RDMA-based Apache Hadoop 2.x (RDMA-Hadoop-2.x)
RDMA for Apache Hadoop 2.x is a high-performance design of Hadoop over RDMA-enabled Interconnects. This version of RDMA for Apache Hadoop 2.x 1.3.5 is based on Apache Hadoop 2.8.0 and is compliant with Apache Hadoop 2.8.0, Hortonworks Data Platform (HDP) 2.3.0.0, and Cloudera Distribution of Hadoop (CDH) 5.6.0 APIs and applications.
The figure below presents a high-level architecture of RDMA for Apache Hadoop 2.x. In this package, many different modes have been included that can be enabled/disabled to obtain performance benefits for different kinds of applications in different Hadoop environments. This package can be configured to run MapReduce jobs on top of HDFS as well as Lustre.
Following are the different modes that are included in our package.
- HHH: Heterogeneous storage devices with hybrid replication schemes are supported in this mode of operation to have better fault-tolerance as well as performance. This mode is enabled by default in the package.

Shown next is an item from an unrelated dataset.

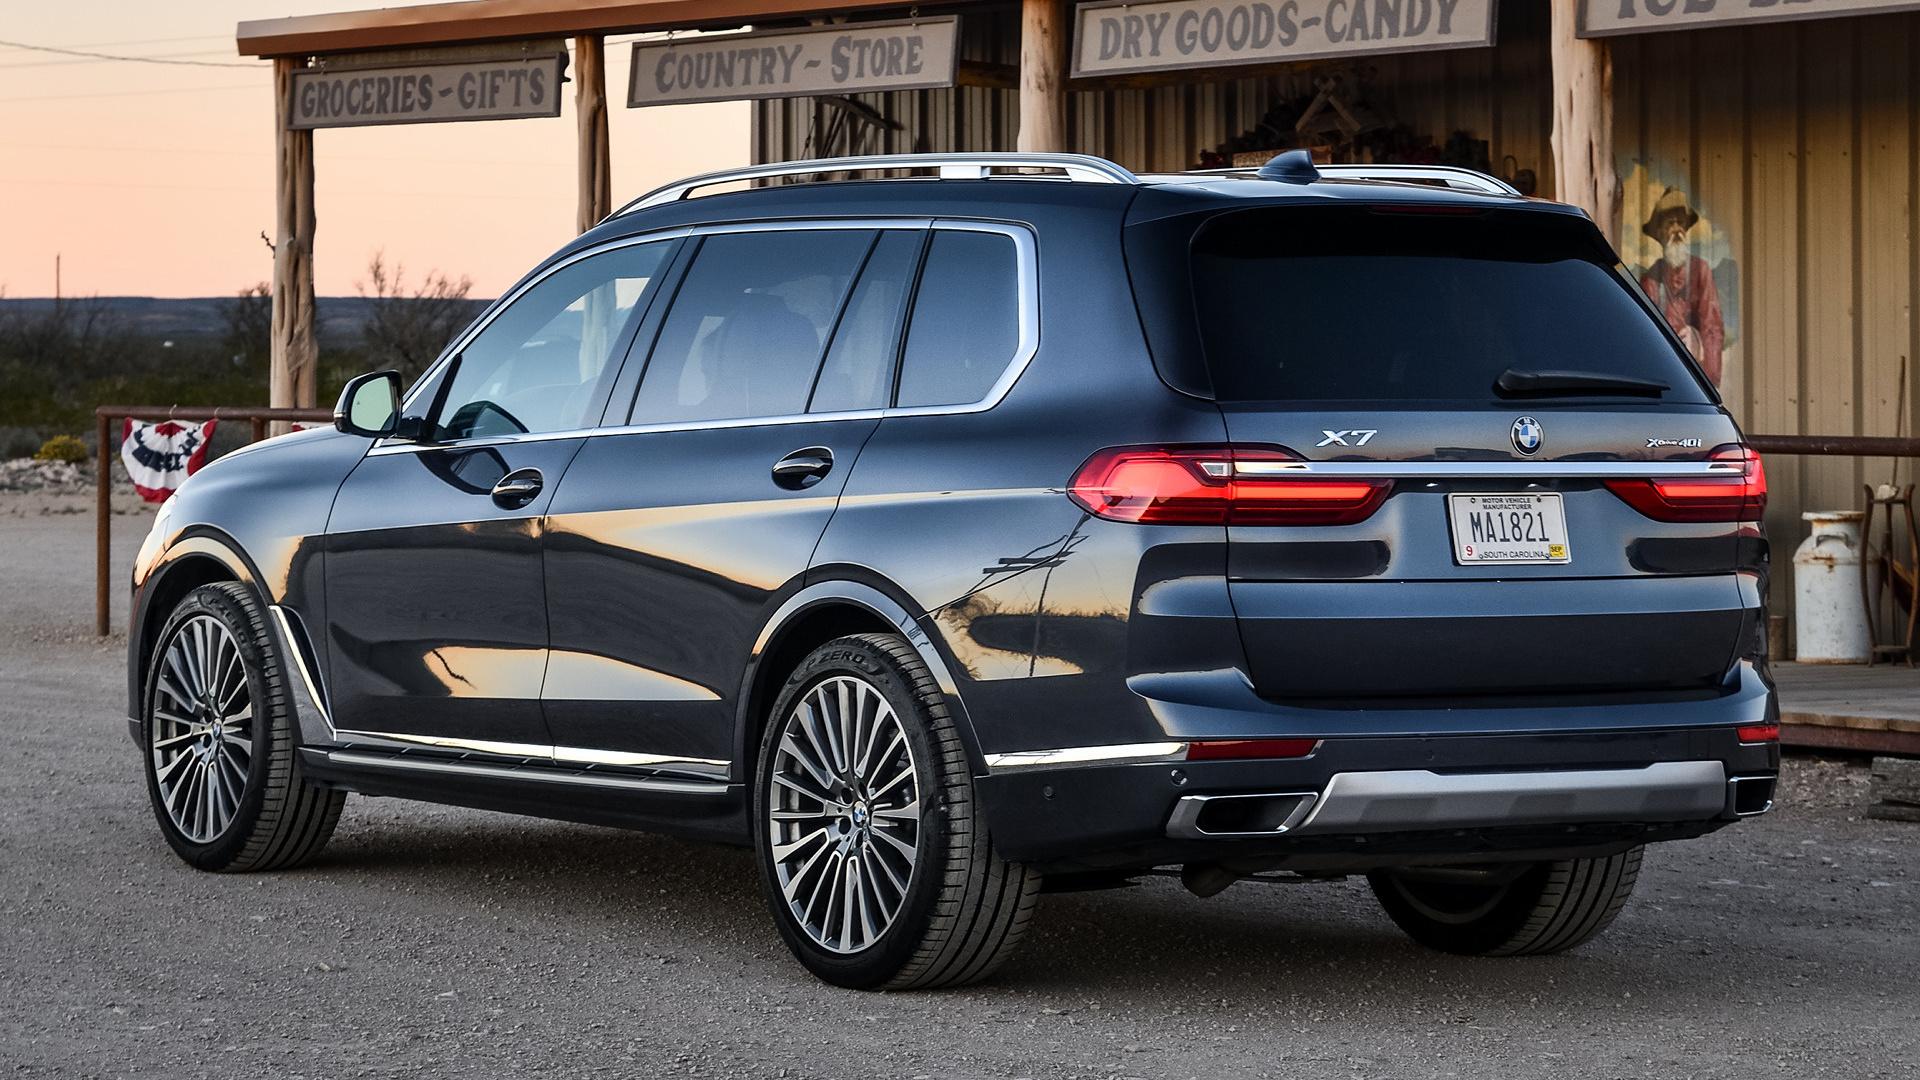 2020 BMW X7 (US) - Sfondi e Immagini HD per desktop | Car ...
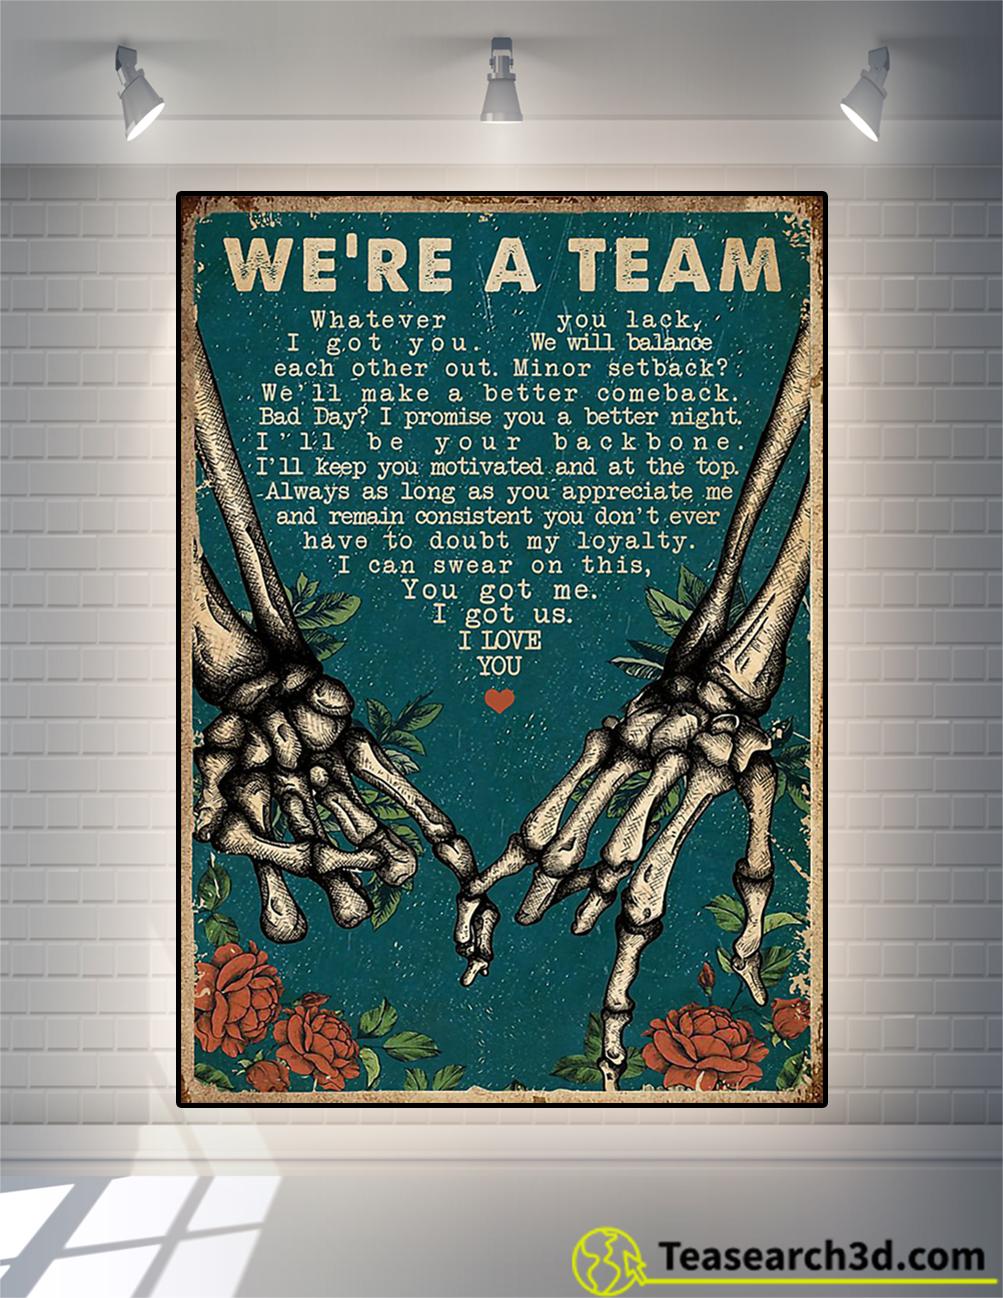 Skeleton retro we're a team poster

- HHH-M: A high-performance in-memory based setup has been introduced in this package that can be utilized to perform all I/O operations in-memory and obtain as much performance benefit as possible.
- HHH-L: With parallel file systems integrated, HHH-L mode can take advantage of the Lustre available in the cluster.
- HHH-L-BB: HHH-L-BB mode deploys a Memcached-based burst buffer system to reduce the bandwidth bottleneck of shared file system access. The burst buffer design is hosted by Memcached servers, each of which has a local SSD.
- MapReduce over Lustre, with/without local disks: Besides, HDFS based solutions, this package also provides support to run MapReduce jobs on top of Lustre alone. Here, two different modes are introduced: with local disks and without local disks.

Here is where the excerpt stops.